2015 - During the 2015 European migrant crisis, IsraAID sent an Advanced Emergency Team to Greece and assessment and relief missions to Serbia and Croatia to facilitate the passage of refugees to Europe.

In response to the April 2015 Nepal earthquake, IsraAID sent an emergency response team to affected communities and helped facilitate the communities' recovery over the following years.

2016 - In August, IsraAID sent a 20-member staff of search and rescue, relief and trauma specialists to the site of the August 2016 Central Italy earthquake, becoming the only foreign aid organization on the ground.

2019 - In March, IsraAID sent personnel to Mozambique to assist in the recovery from Cyclone Idai. Personnel were prepared to offer medical supplies, relief supplies, and psychological care to people affected by the storm.
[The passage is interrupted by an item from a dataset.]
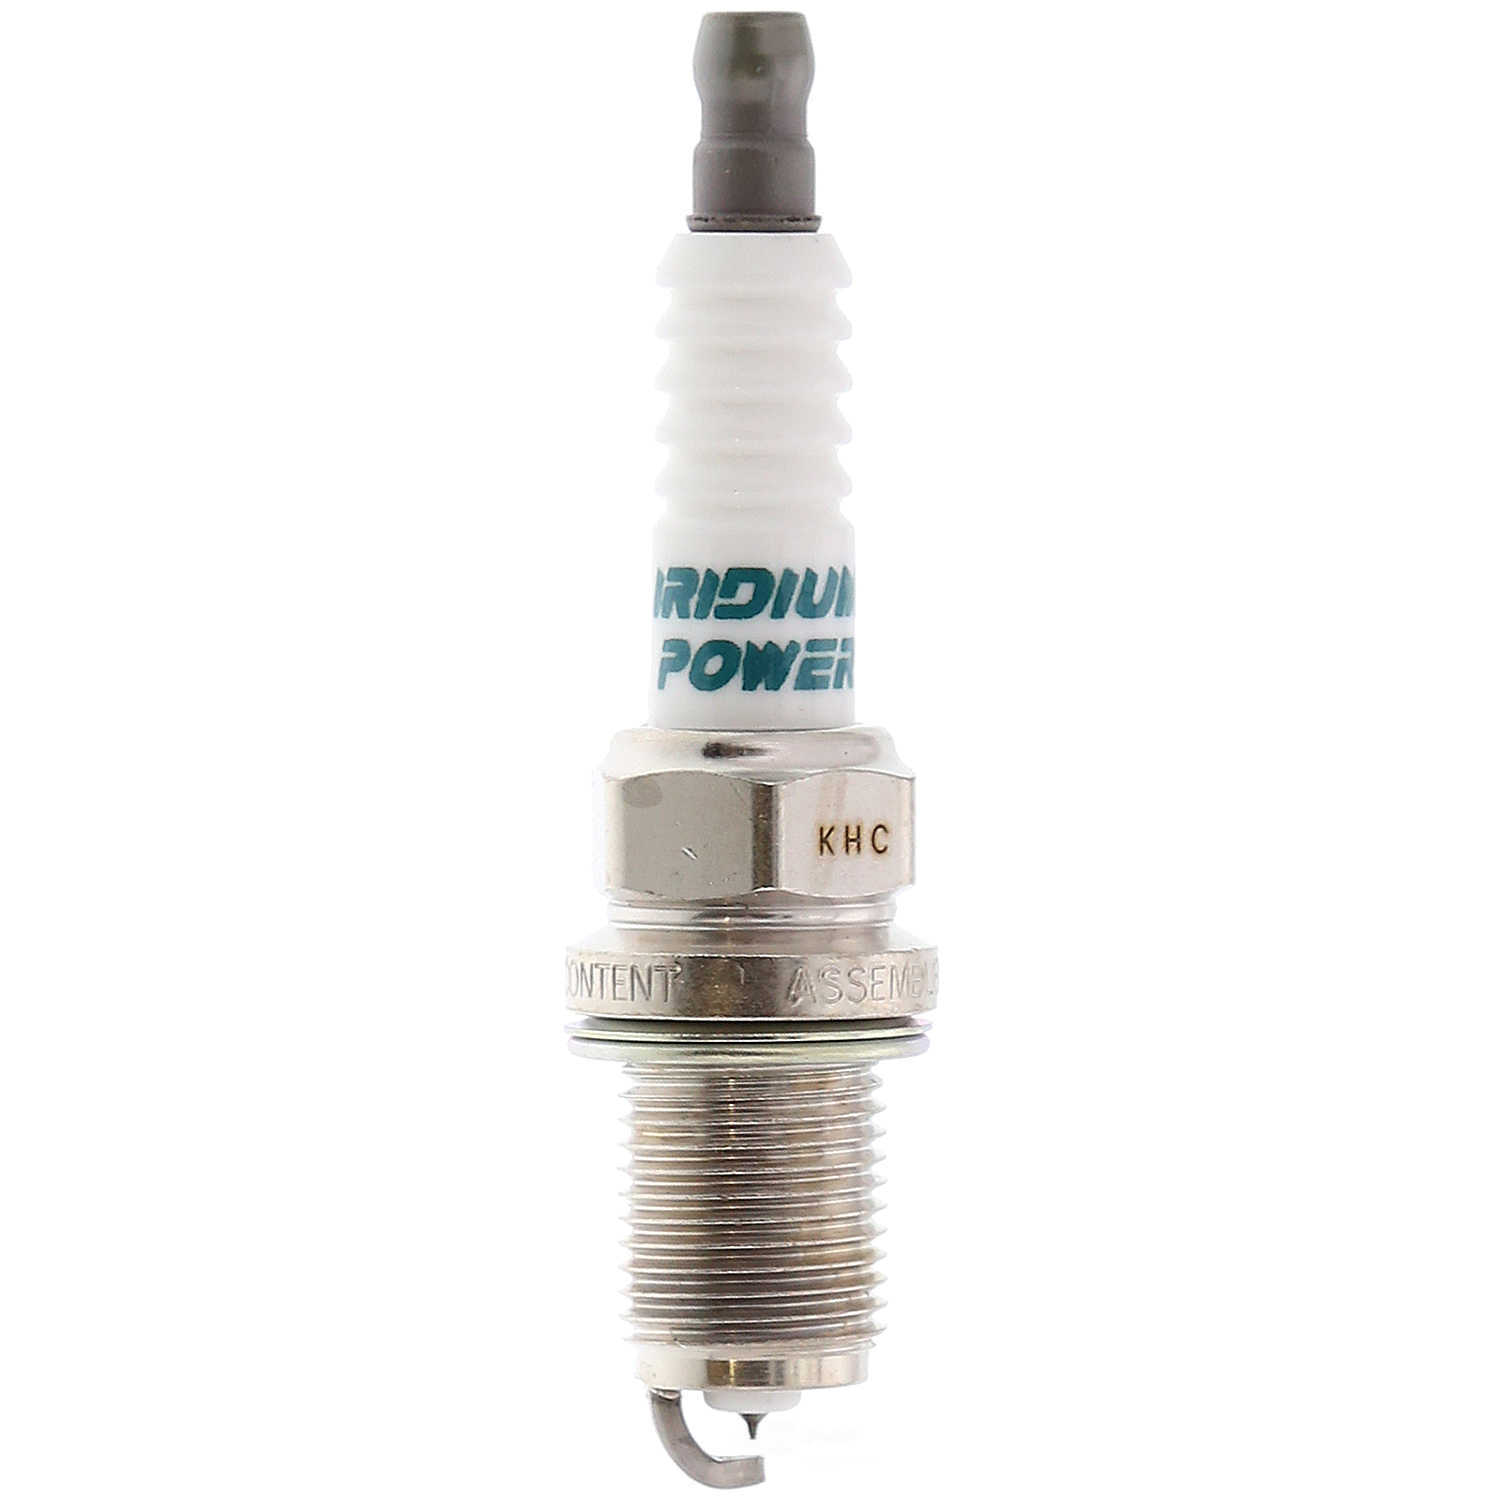 DENSO - Iridium Power Spark Plug - NDE 5310
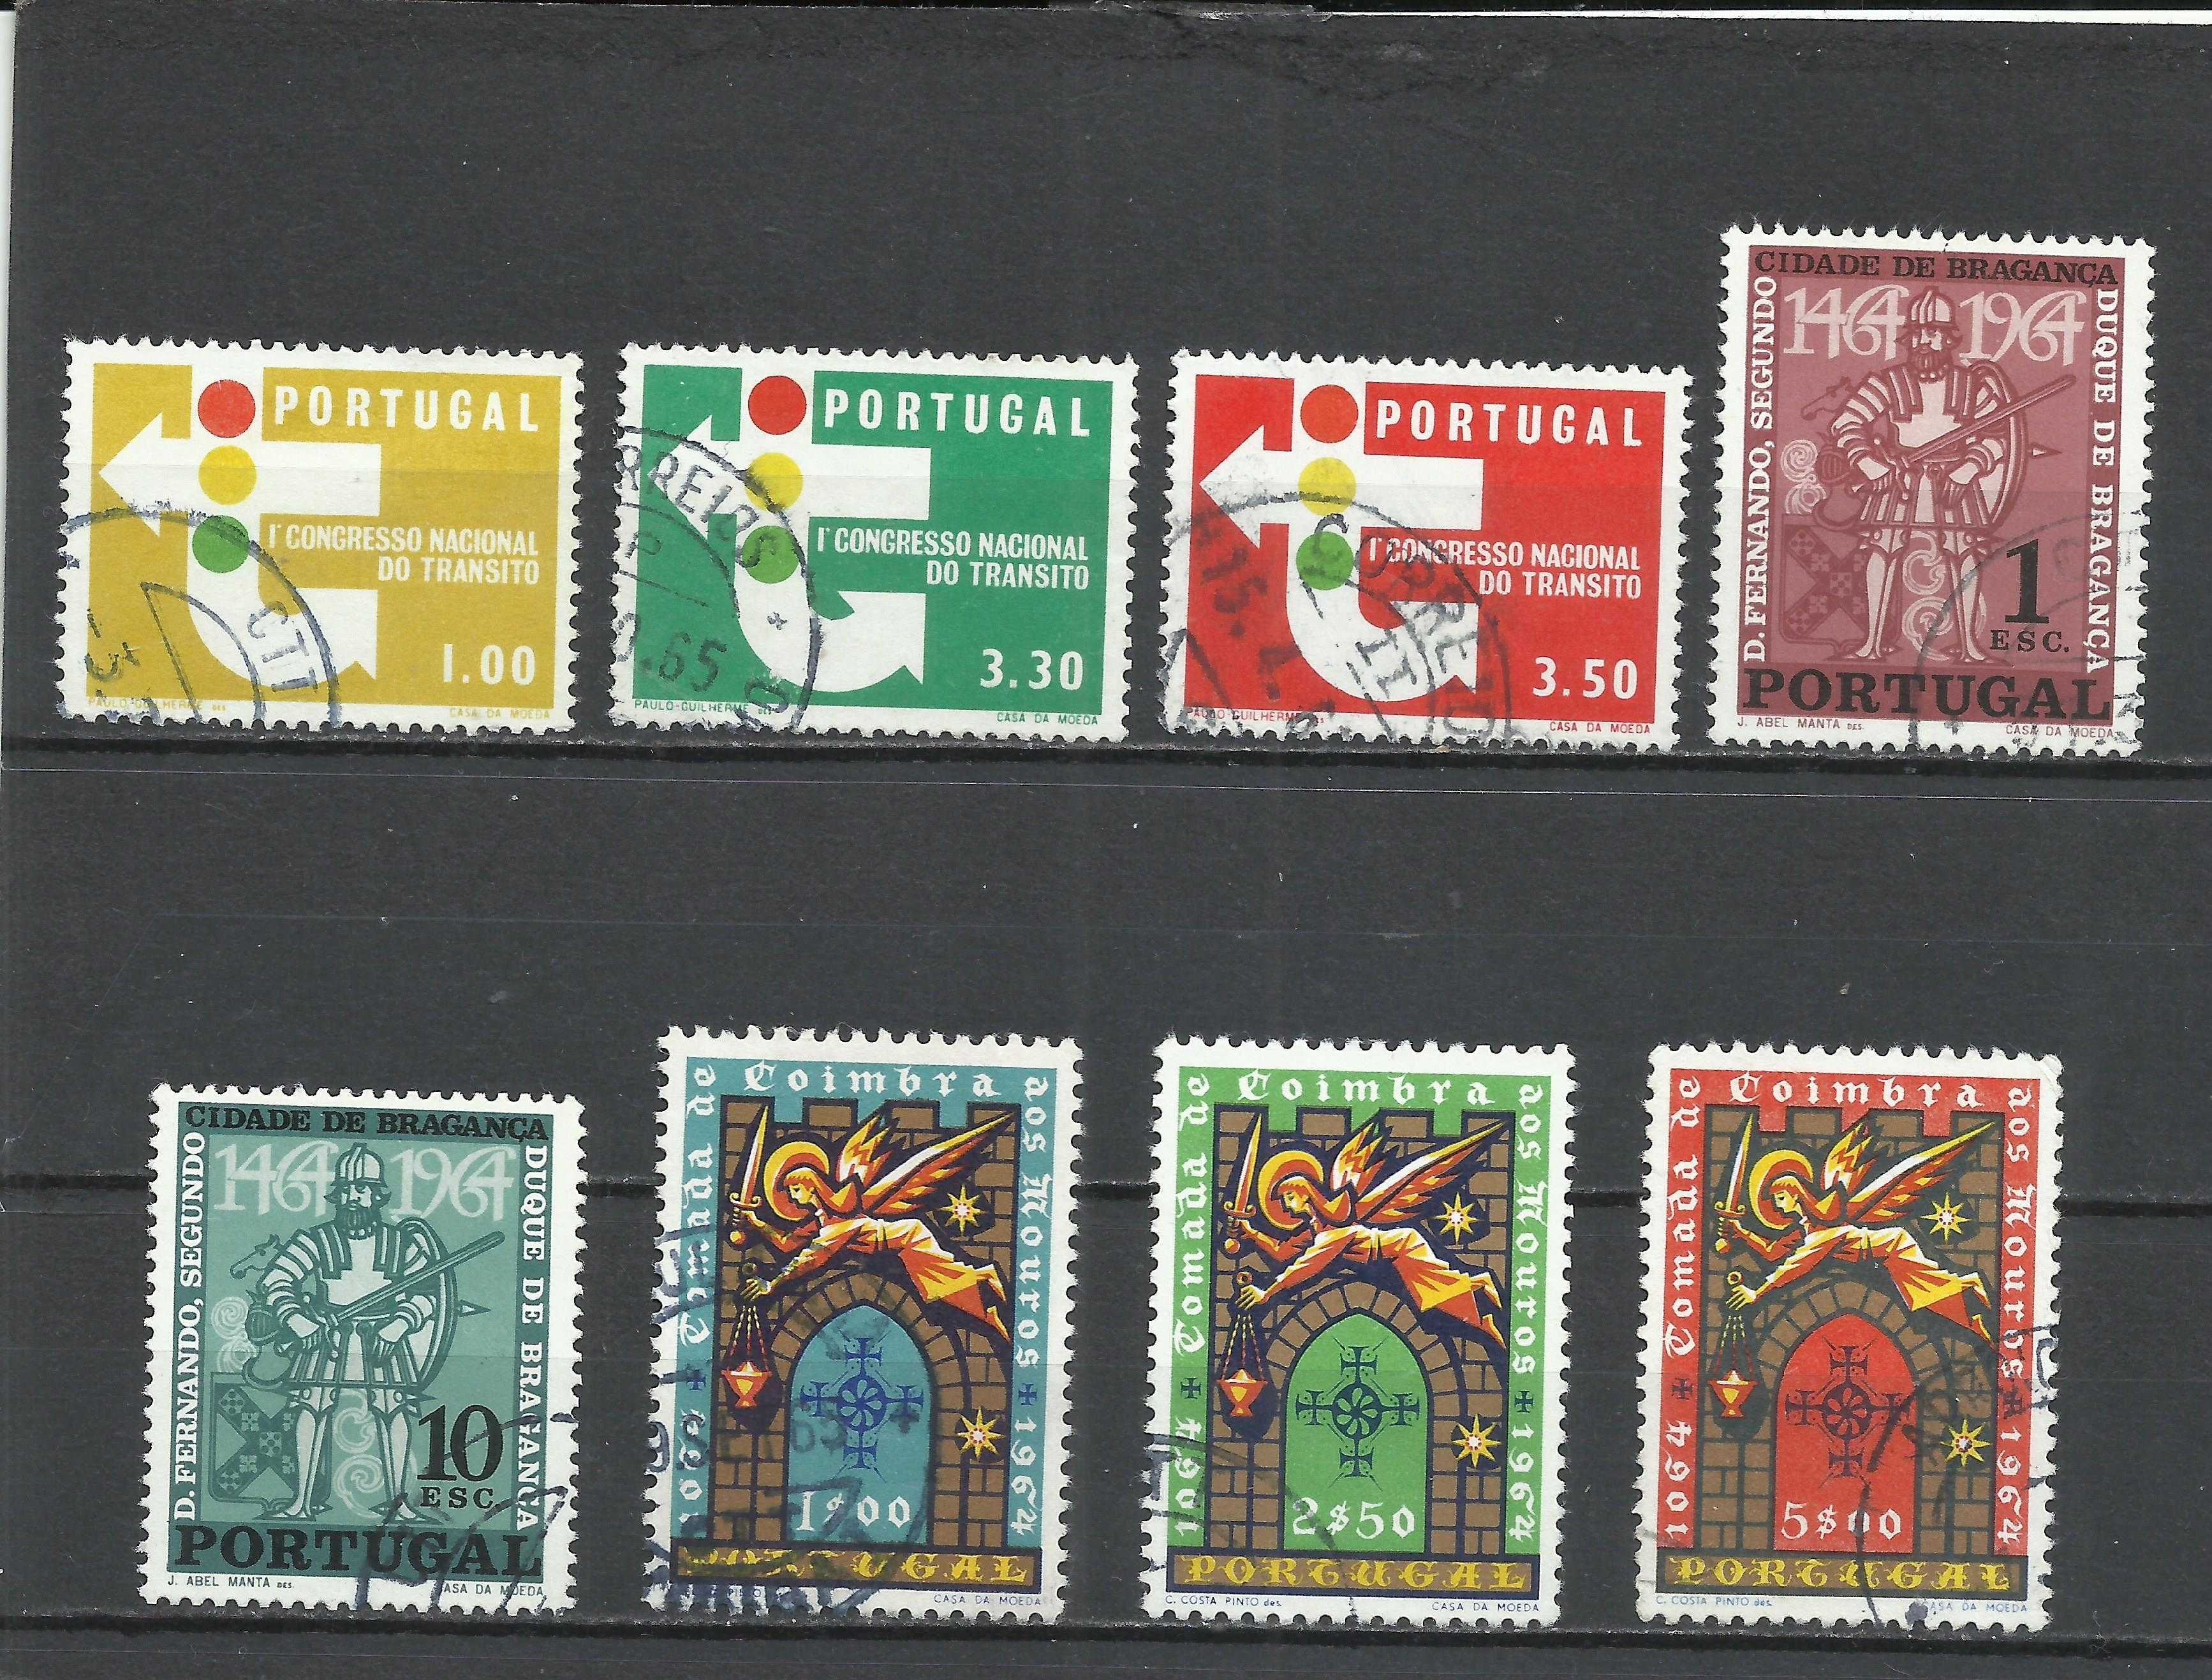 Selos portugueses – Ano incompleto de 1965 - usados

Personnel were also prepared to help restore access to safe water.

2020 - IsraAID launched a global response to the COVID-19 pandemic across 16 countries.

2021 - In September, following the American withdrawal and Taliban takeover of Afghanistan, IsraAID and partners facilitated the safe evacuation of more than 160 vulnerable Afghan civilians to the UAE and Albania.

2022 - In February, IsraAID launched its response to the full-scale invasion of Ukraine, initially on the Moldova-Ukraine border, expanding later to Romania, and then into Ukraine itself, where the organization has delivered mental health support, and large-scale safe water programs.

2023 - In October, following the October 7 attacks, IsraAID launched its first large-scale emergency response operation inside Israel, supporting displaced communities from Israel's Gaza border region, providing rocket shelters in Bedouin villages together with local partners, supporting therapeutic retreats for survivors of the Nova festival massacre, and working with partners to train local disaster response teams across northern Israel.

2026 - Following the 2026 Nepal floods, IsraAID deployed emergency teams to Nepal to provide relief supplies, medical care and mental health support to affected communities.